TASK TO CARRY OUT:
Images are not part of the copy; transcribe all the data exactly.

DATA:
"""
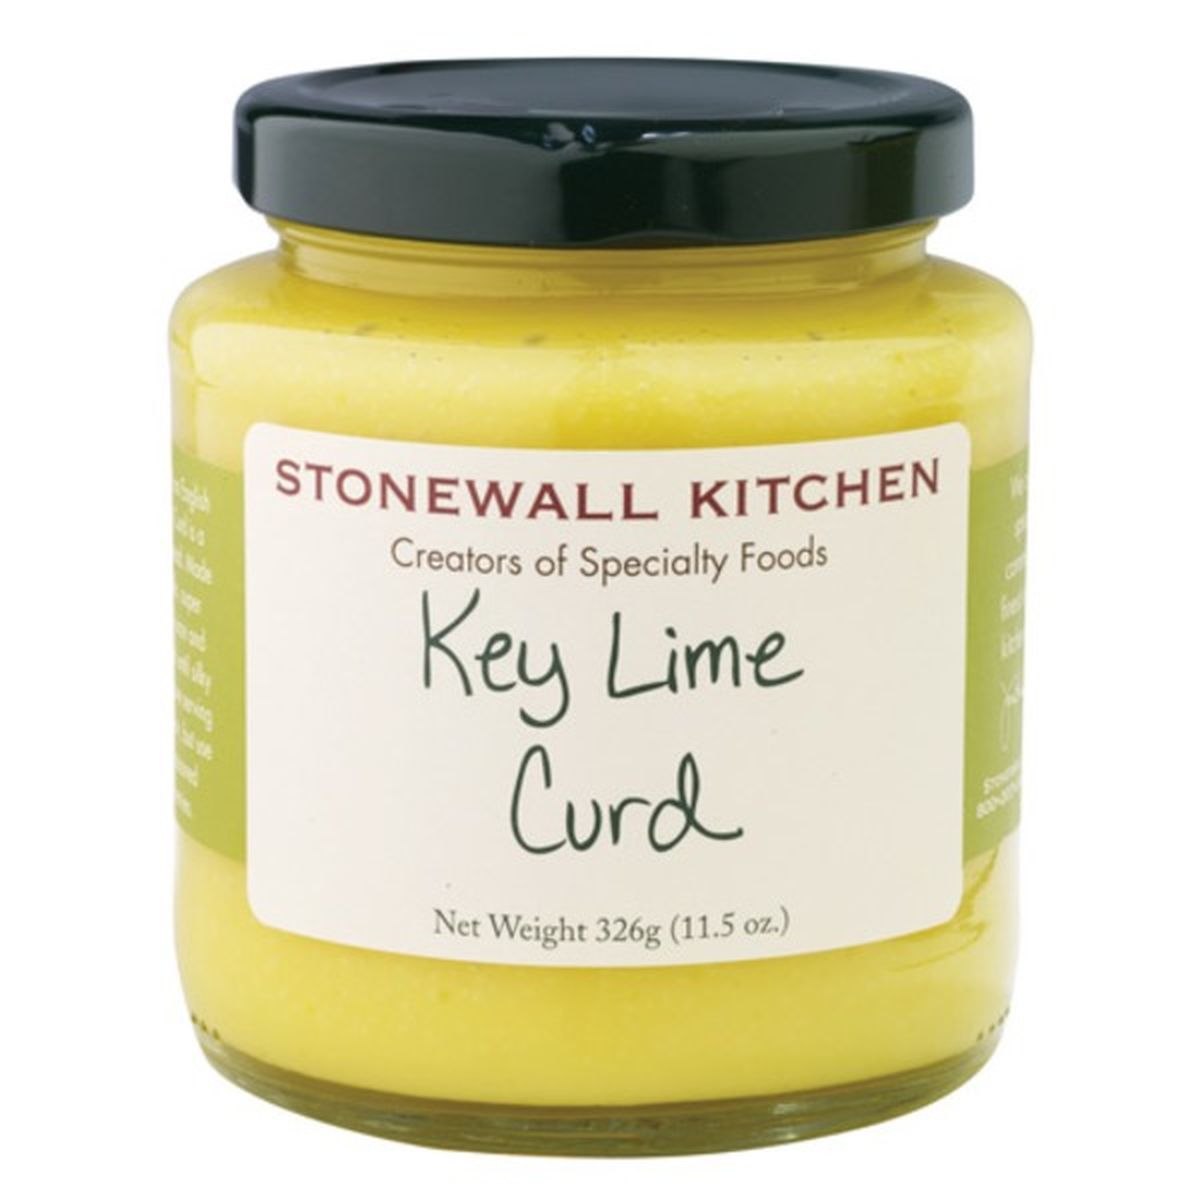 Calories in Stonewall Kitchen Key Lime Curd
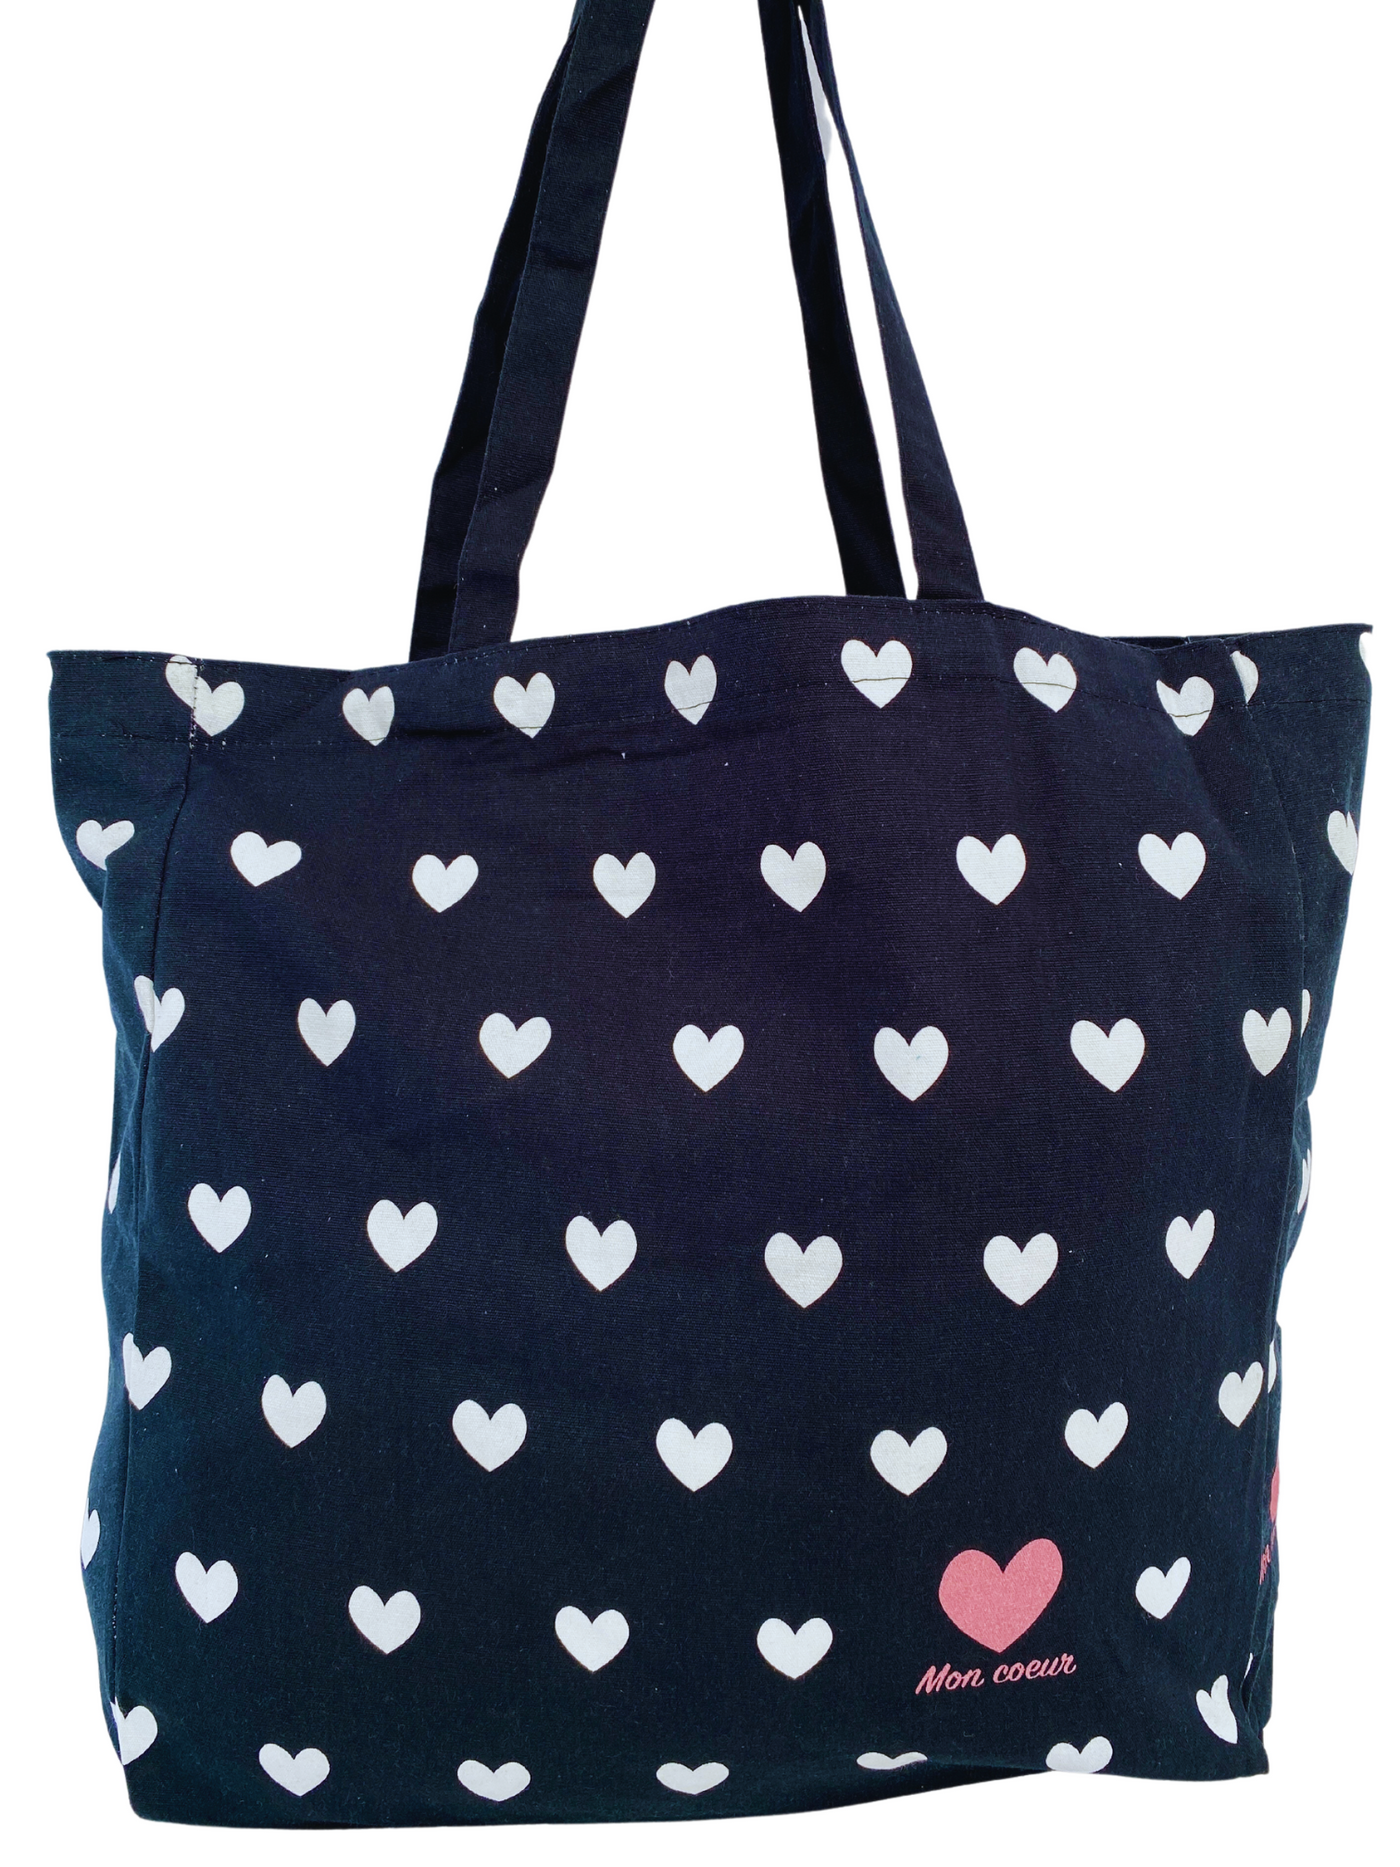 Illustrated Tote Bag: My White Heart
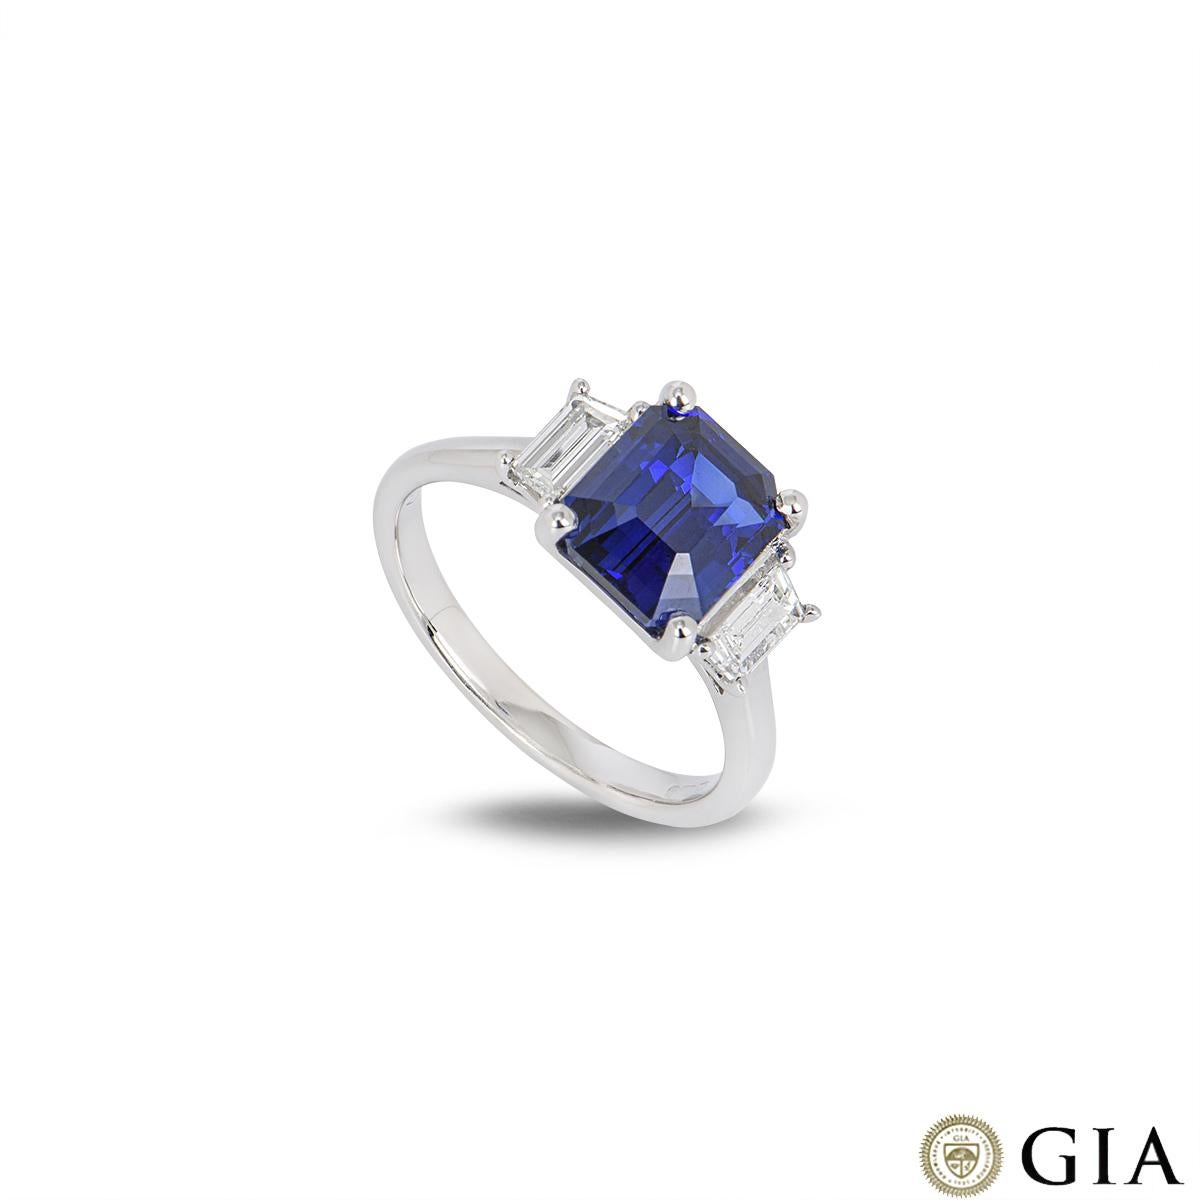 GIA Certified Royal Blue Sapphire & Diamond Ring 3.04ct For Sale 3
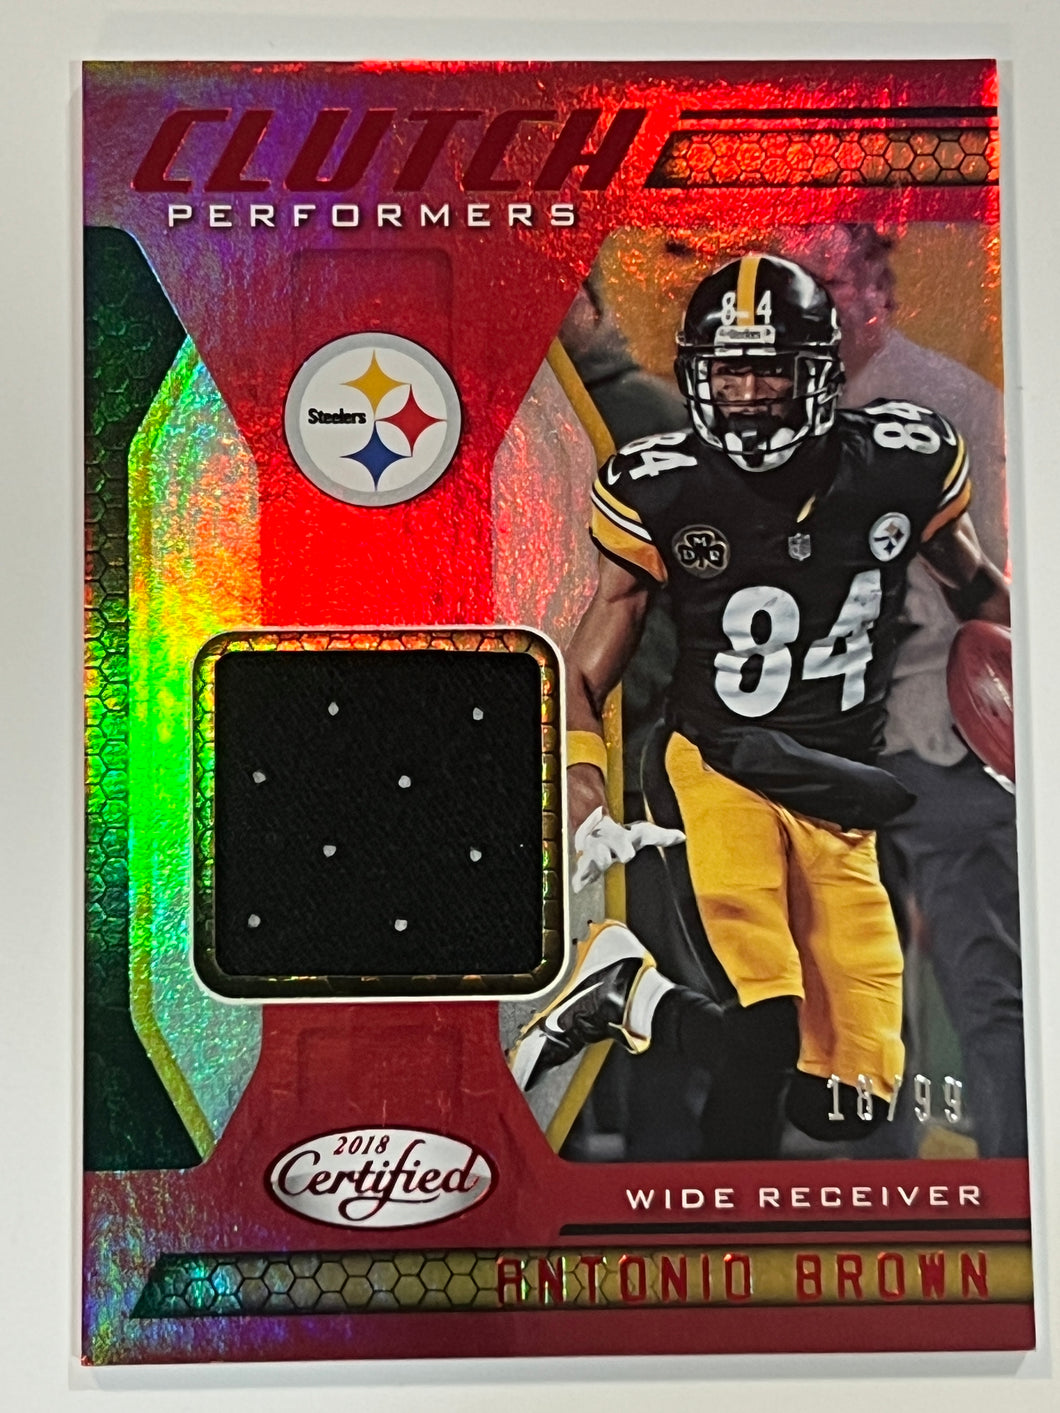 2018 Panini Certified Clutch Performers Red Antonio Brown Steelers Jersey /99
"""
ANSWER TO THE EXERCISE:
 Calories in Stonewall Kitchen Key Lime Curd
 Illustrated Tote Bag: My White Heart
 GIA Certified Royal Blue Sapphire & Diamond Ring 3.04ct For Sale 3
 2018 Panini Certified Clutch Performers Red Antonio Brown Steelers Jersey /99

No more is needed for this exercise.